We can fix the above compiler error by changing the function slightly, e.g., so that it returns the mid element.
fn midpoint3(v: Vec<i32>) -> i32 { let mid = v[v.len() / 2]; return mid; } use std::time::{Instant}; fn main() { // Make a big vector with 1,000,000 elements. let mut my_vec = Vec::with_capacity(1000000); for i in 0..1000000 { my_vec.push(i); } let time = Instant::now(); let mid = midpoint3(my_vec); // pass by move println!("Took {:?}", time.elapsed()); println!("Mid point element is {}", mid); }
Compared to ref, it may appear like move is slower. In reality, this difference is because move passes ownership of the vector to midpoint3, so, when midpoint3 is complete, the vector goes out of scope and gets freed/destroyed, which takes some time. We can ask Rust to not destroy the vector in order to focus on the time required to pass by move only.

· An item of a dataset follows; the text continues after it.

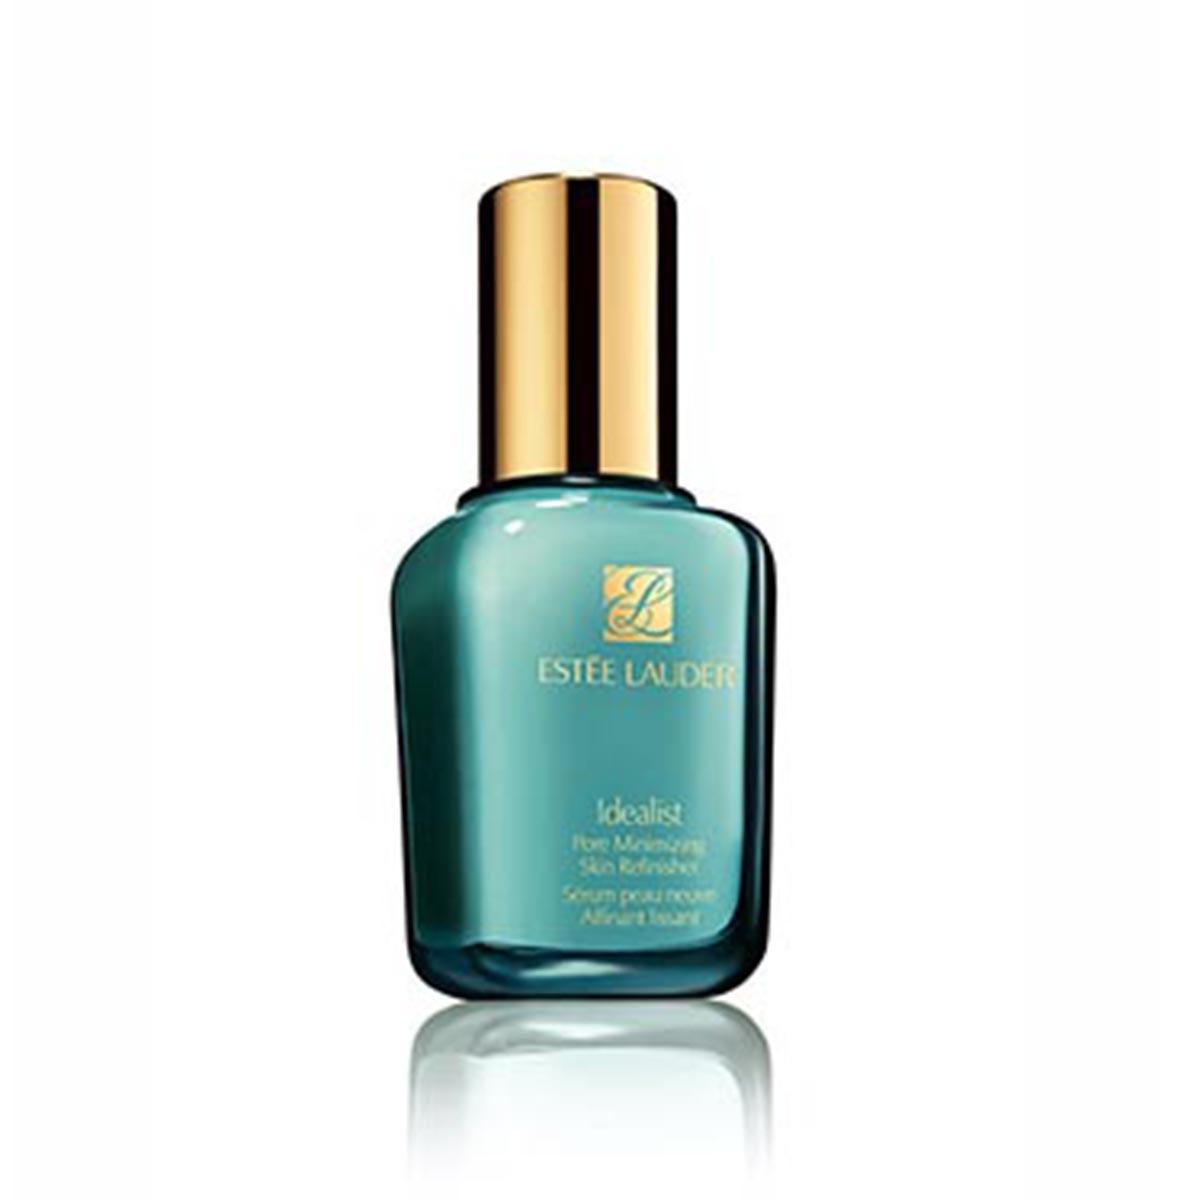 Estee lauder idealist pore minimizing skin refinisher serum 50ml

fn midpoint3(v: Vec<i32>) -> i32 { let mid = v[v.len() / 2]; // Do not destroy/free v. std::mem::forget(v); return mid; } use std::time::{Instant}; fn main() { // Make a big vector with 1,000,000 elements. let mut my_vec = Vec::with_capacity(1000000); for i in 0..1000000 { my_vec.push(i); } let time = Instant::now(); let mid = midpoint3(my_vec); // pass by move println!("Took {:?}", time.elapsed()); println!("Mid point element is {}", mid); }
Now, the performance of move is comparable to reference.

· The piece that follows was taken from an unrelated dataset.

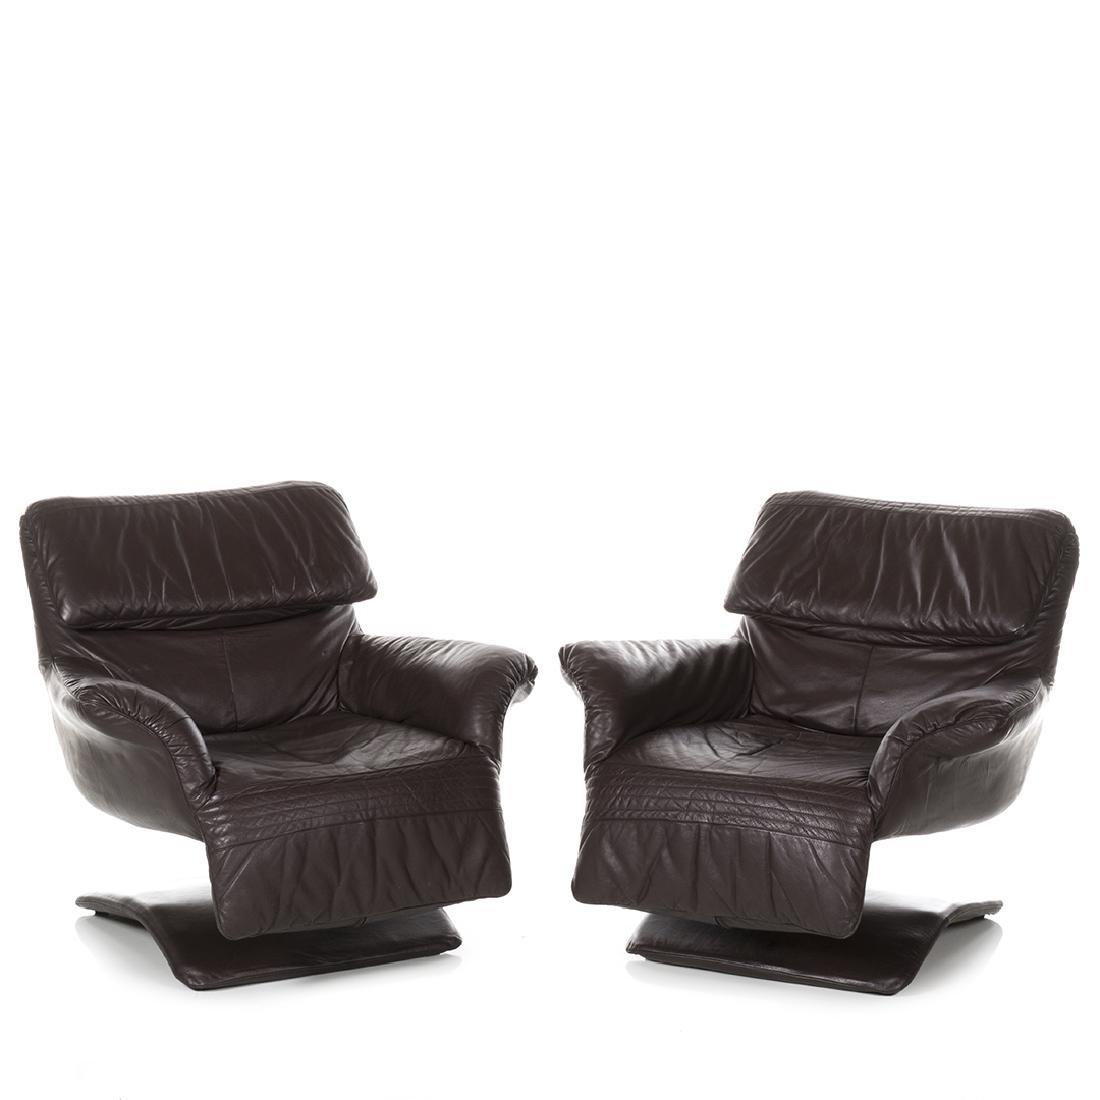 Scandinavian Leather Club Chairs (2)

Finally, remember that you can also by data by mut reference, and not just regular reference.
fn add_0_to_vec(v: &mut Vec<i32>) { v.push(0); } fn main() { let mut v: Vec<i32> = Vec::new(); add_0_to_vec(&mut v); // by mut ref println!("{:?}", v); }
In summary, we have the following way to pass data to a function:
- pass by copy/clone:
- pros: gives the function a separate copy of the data it can control and modify without affecting the original data.

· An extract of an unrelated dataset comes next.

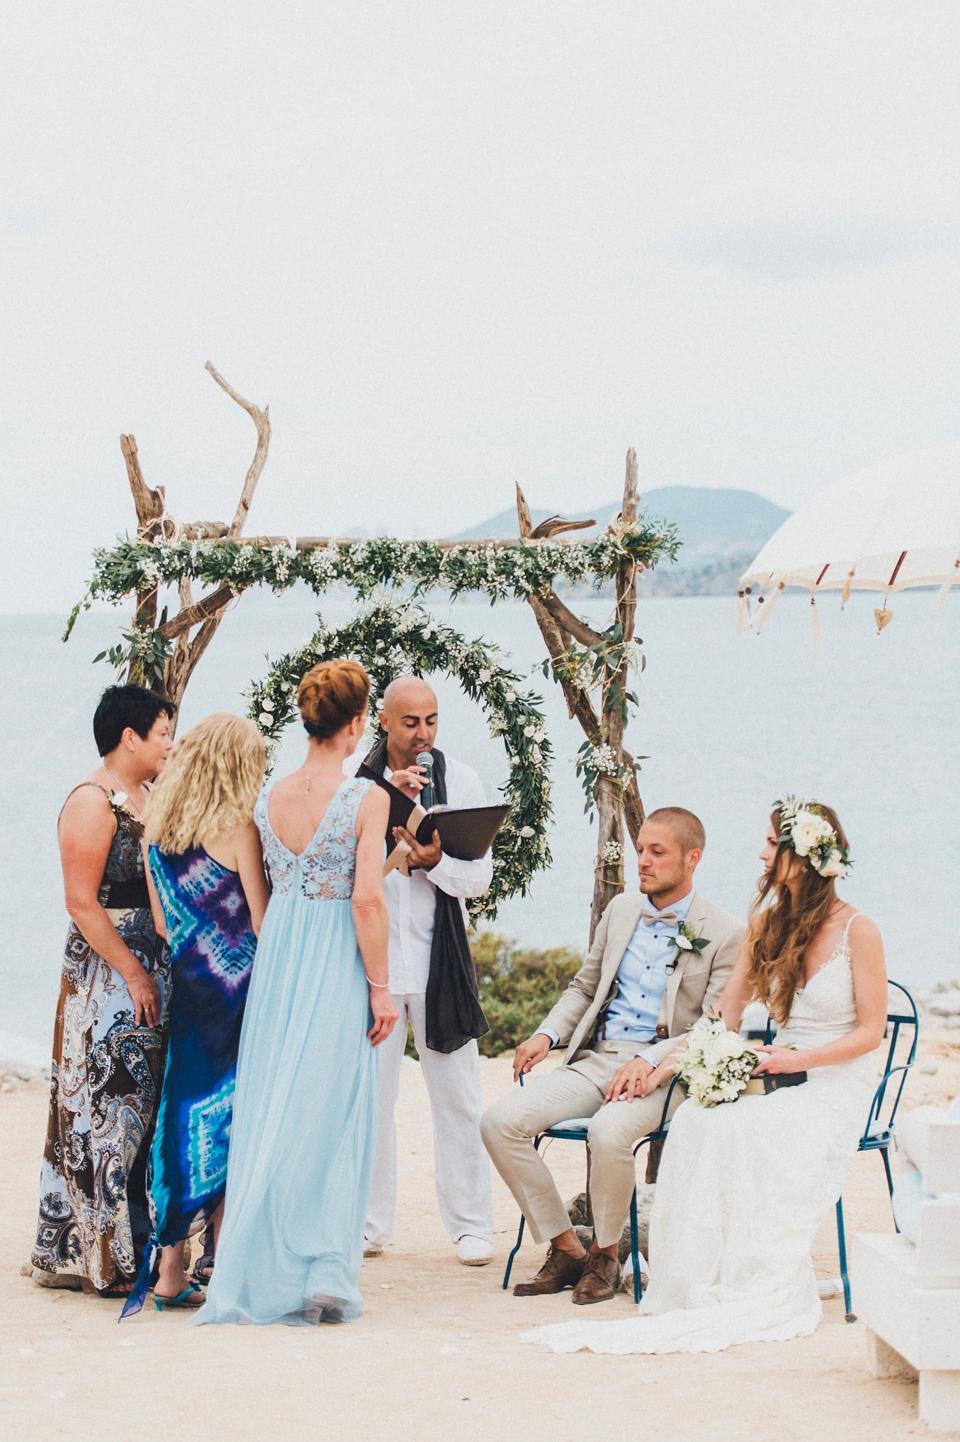 bohemian-ibiza-kreativ-wedding_0077 hochzeitsfotograf hochzeitsvideo ibiza bohemian weddingSaskia & Pierre Bohemian Bohemian Ibiza Weddingbohemian ibiza kreativ wedding 0077

- cons: slow and uses extra memory.
- pass by ref:
- pros: very fast.
- cons: if const ref, the function cannot modify the data, if mut ref, the function can modify the data and the changes will affect the original data and original function.
- pass by move:
- pros: very fast and gives the function control and ownership of the data.
- cons: the data is moved to the new function; it cannot be used in the original function again.
Remember these pros and cons! We may ask you about them in the midterm :)
Consider the following exercise questions:
- If you are asked to build a function that prints a given vector. Would you choose to pass the vector by clone, ref (const or mut), or move? Why?
- If you are asked to build a function that removes all even numbers from a vector, how would you pass the vector and why?
- If you are asked to build a function that creates a sorted copy of a vector while keeping the original vector unchanged, how would you pass the vector? why?